Provided material Start Marker
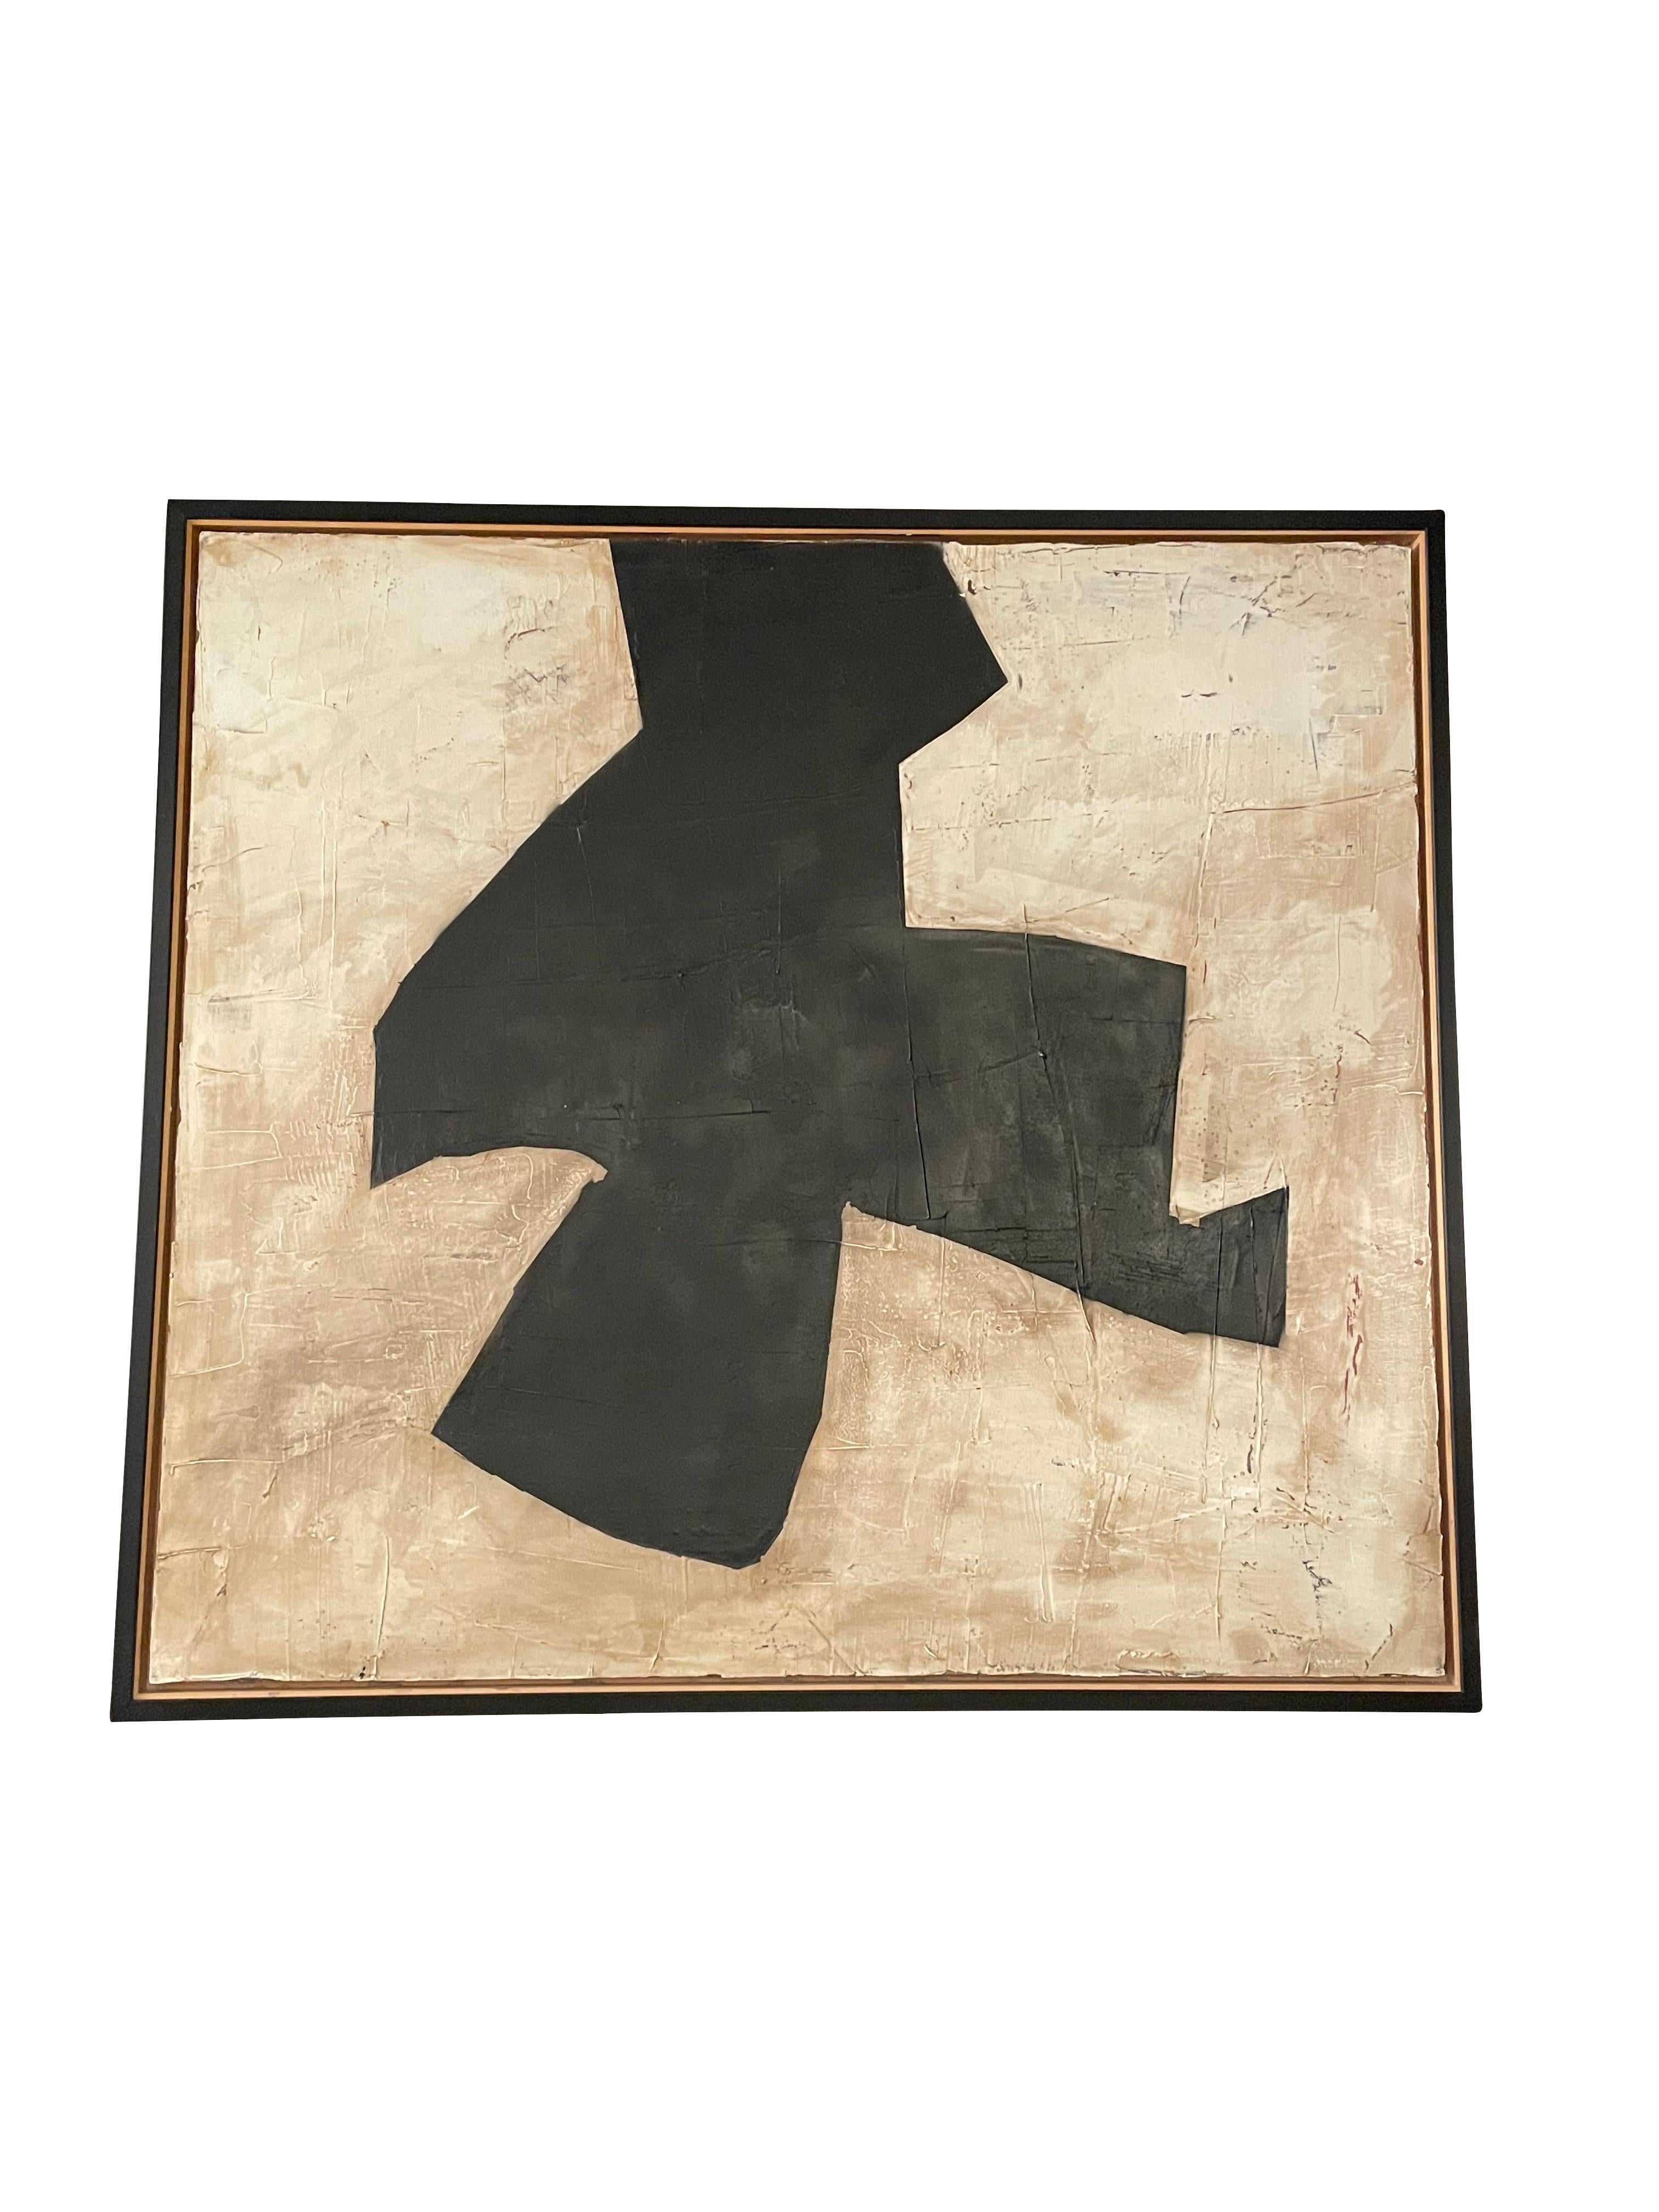 Black and cream contemporary abstract painting by Spanish artist Santiago Castillo.
This large painting is created in oil and stucco on wood. The stucco and a combination of matte and gloss paint finish create an interesting textural effect.
The
Provided material End Marker
> [Exercise brief]: Would you give the material back exactly, minus the pictures?

> [Answer box]:
 Black and cream contemporary abstract painting by Spanish artist Santiago Castillo.
This large painting is created in oil and stucco on wood. The stucco and a combination of matte and gloss paint finish create an interesting textural effect.
The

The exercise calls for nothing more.